525E Anya and Cubes(暴力,meet-in-the-middle)

E. Anya and Cubes

time limit per test

2 seconds

memory limit per test

256 megabytes

input

standard input

output

standard output

Anya loves to fold and stick. Today she decided to do just that.

Anya has n cubes lying in a line and numbered from 1 to n from left to right, with natural numbers written on them. She also has kstickers with exclamation marks. We know that the number of stickers does not exceed the number of cubes.

Anya can stick an exclamation mark on the cube and get the factorial of the number written on the cube. For example, if a cube reads 5, then after the sticking it reads 5!, which equals 120.

You need to help Anya count how many ways there are to choose some of the cubes and stick on some of the chosen cubes at most kexclamation marks so that the sum of the numbers written on the chosen cubes after the sticking becomes equal to S. Anya can stick at most one exclamation mark on each cube.
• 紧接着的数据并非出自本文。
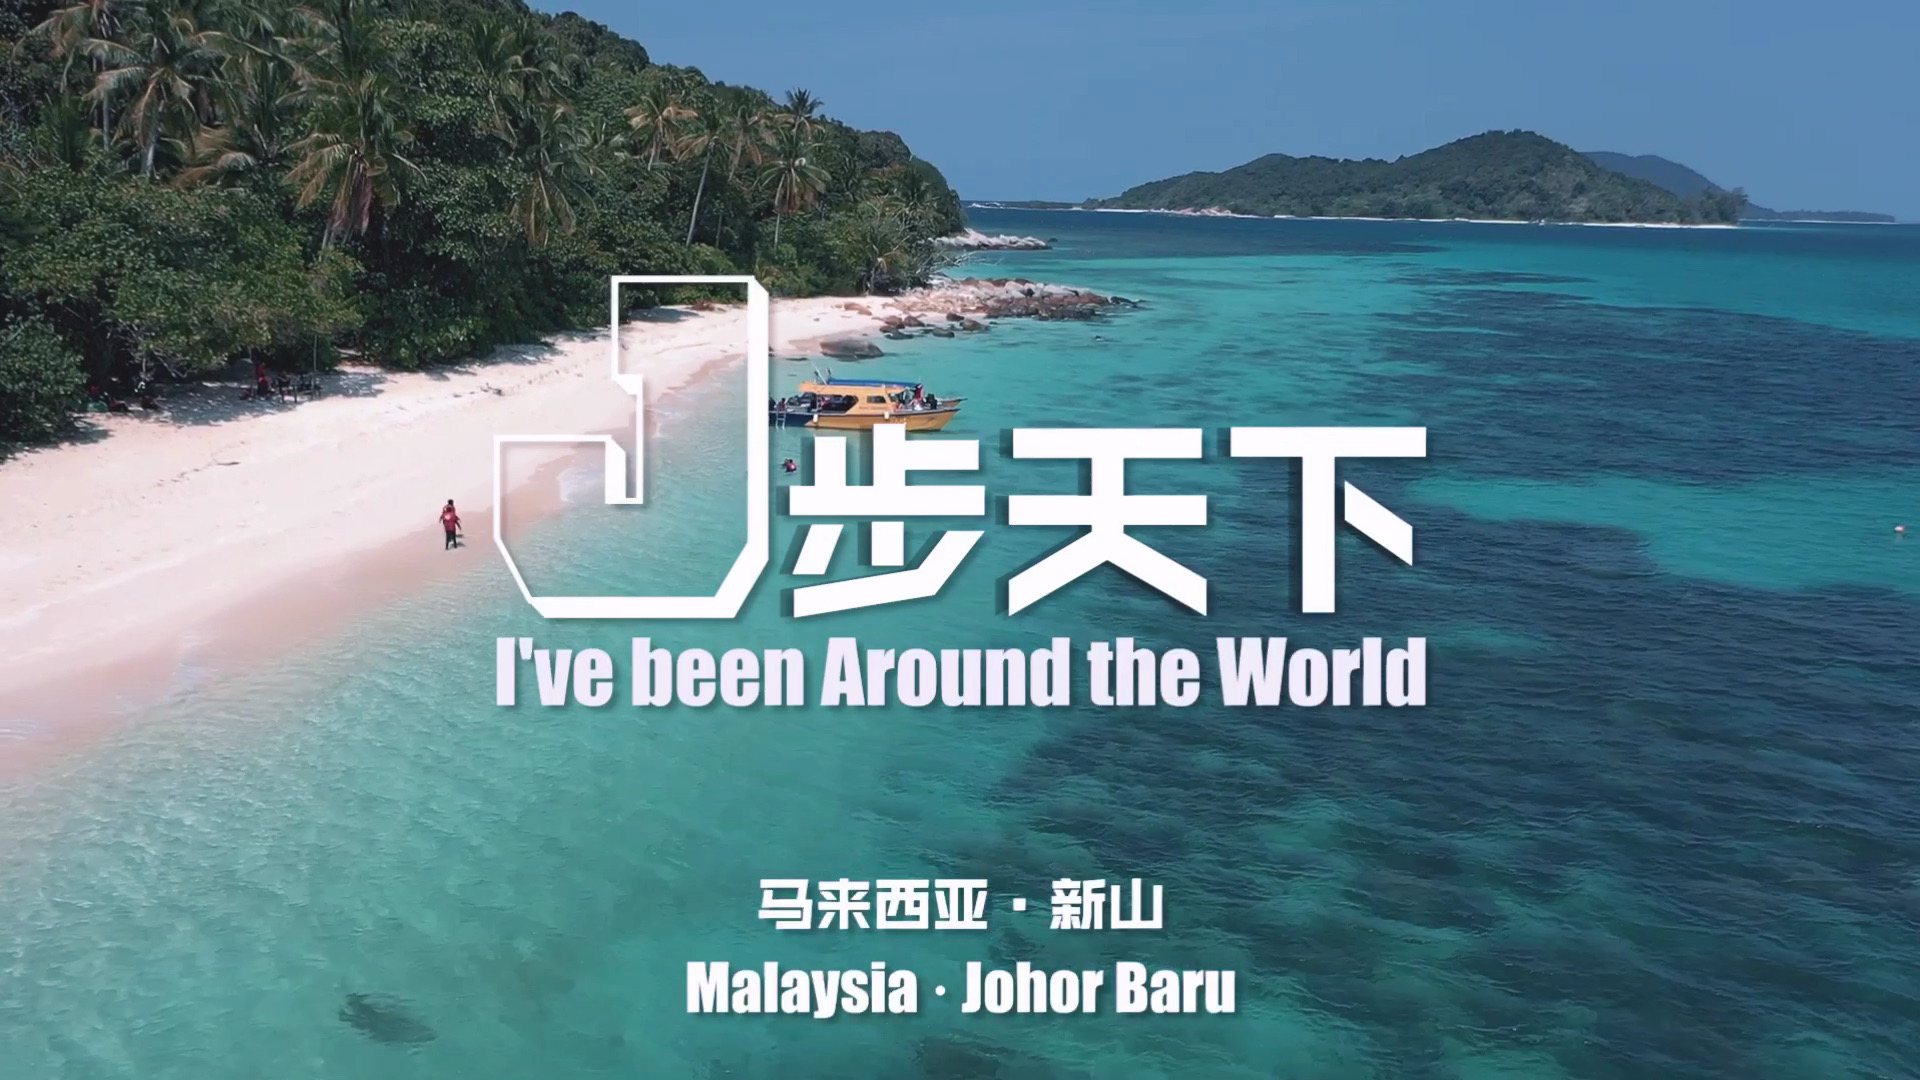 马来半岛东海岸新玩法： 迪沙鲁—丰盛港 2小时车程 丰盛港—伯沙岛 30分钟快船 伯沙岛周边跳岛（2

Can you do it?

Two ways are considered the same if they have the same set of chosen cubes and the same set of cubes with exclamation marks.

Input

The first line of the input contains three space-separated integers n, k and S (1 ≤ n ≤ 25, 0 ≤ k ≤ n, 1 ≤ S ≤ 10¹⁶) — the number of cubes and the number of stickers that Anya has, and the sum that she needs to get.

The second line contains n positive integers a_i (1 ≤ a_i ≤ 10⁹) — the numbers, written on the cubes. The cubes in the input are described in the order from left to right, starting from the first one.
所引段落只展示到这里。